Hi Harald,
The srsLTE implementation is taken from the ETSI specs simulation program listings: http://cryptome.org/uea2-uia2/etsi_sage_06_09_06.pdf and http://cryptome.org/uea2-uia2/snow_3g_spec.pdf https://www.etsi.org/intellectual-property-rights#mytoc3 and https://www.etsi.org/images/files/IPR/etsi-ipr-policy.pdf outline the copyright licensing details for software incorporated in ETSI standards however I have not taken legal advice on compatibility of this license with AGPLv3.

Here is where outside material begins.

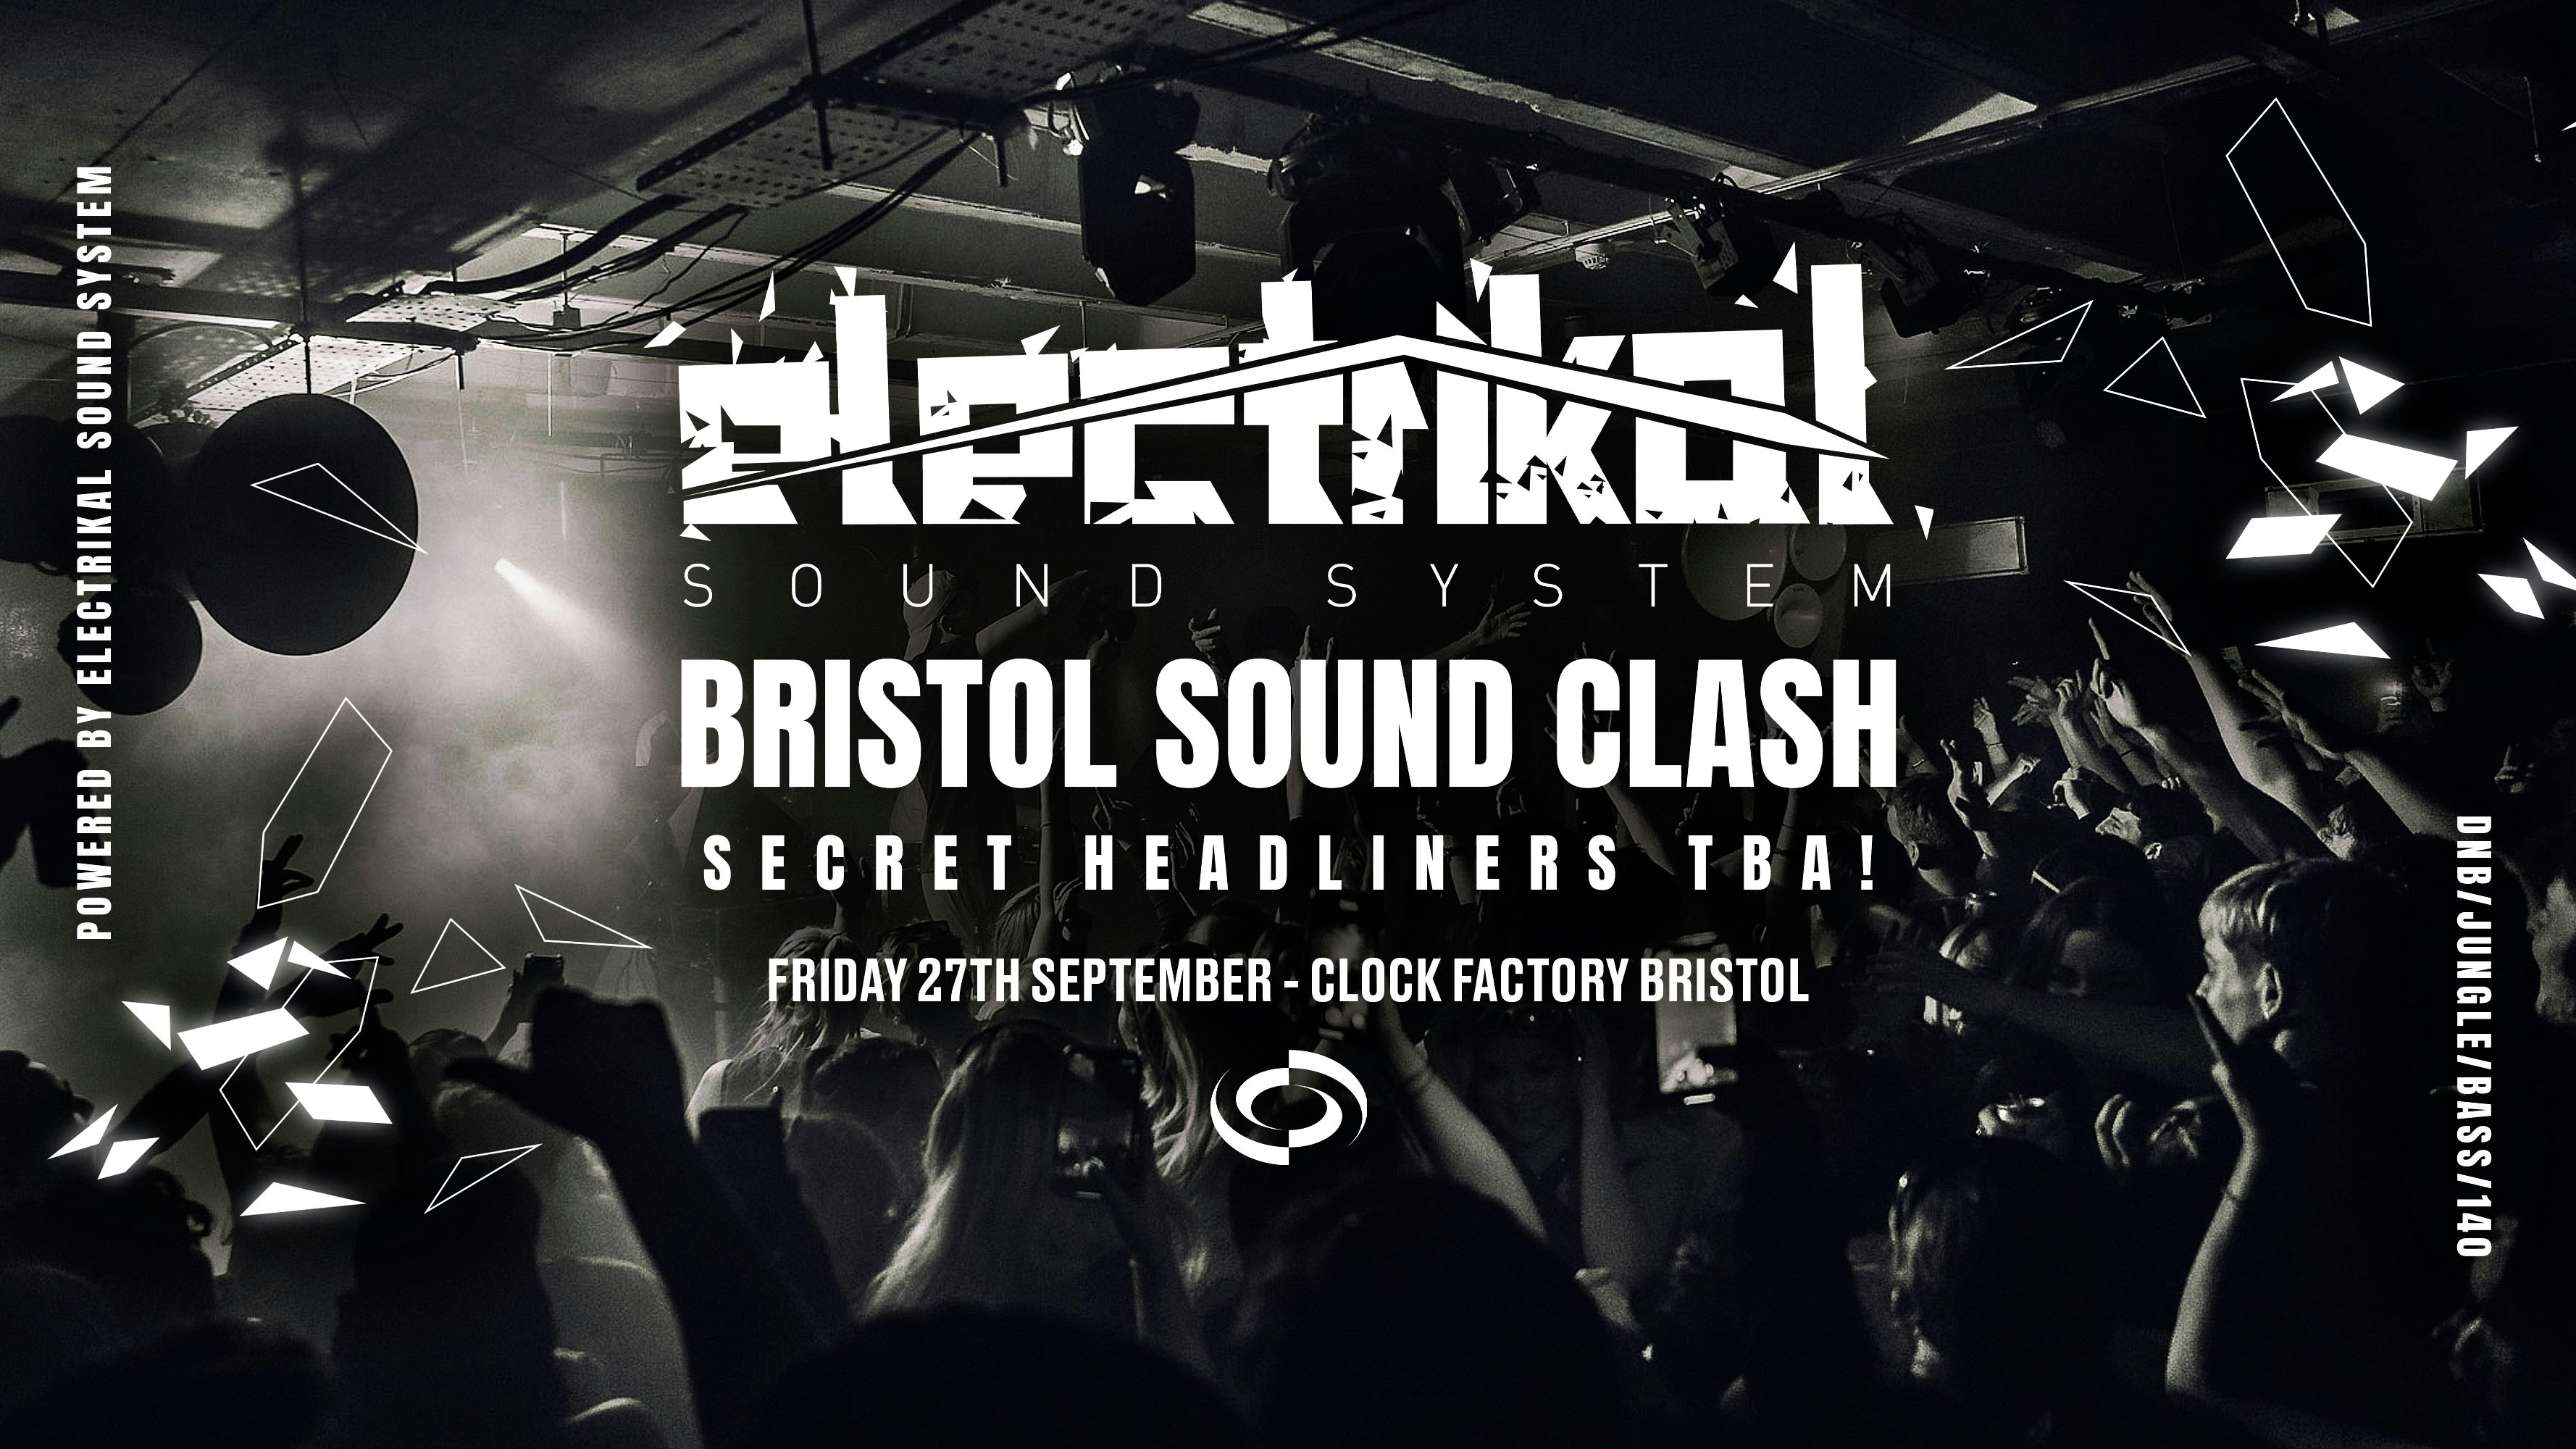 Electrikal Sound System • Bristol Sound Clash

From a quick review, it looks like the CryptoMobile and NextEPC versions have taken the same approach.
It would be good as you say to have a "clean copyright" implementation - perhaps this is something we could help with.
Best regards, Paul
Hi!
I'm now at a point where I would like to add SNOW-3G (EIA1/EEA1) support for NAS integrity protection and ciphering to my upcoming TTCN-3 testsuite for the MME.
However, it seems there is no real FOSS implementation of the SNOW-3G algoritm around? All I could find was:
https://github.com/mitshell/CryptoMobile with unclear source of the code, without a copyright statement or license annotation
https://github.com/rcatolino/libressl-snow3g/blob/master/crypto/snow3g/main.... without a copyright statement or license annotation
https://github.com/Jadson27101/SNOW_3G in go, without a copyright statement or license annotation
https://github.com/KsirbJ/SNOW-3G without a copyright statement or license annotation
https://github.com/open5gs/nextepc/blob/master/src/mme/snow-3g.c without a copyright statement or license annotation. Looks rather similar to CryptoMobile. Possible just copy+pasted from ETSI reference implementation?
https://github.com/srsLTE/srsLTE/blob/master/lib/src/common/snow_3g.cc also contains no coypright statement or license, but might be construed to be AGPLv3 like all of srsLTE. However, it states it is "adapted" from ETSI/SAGE specifications. Does that mean it is an independent implementation of the algorithm by just reading the specs, or does it contain actual ETSI-copyrighted code?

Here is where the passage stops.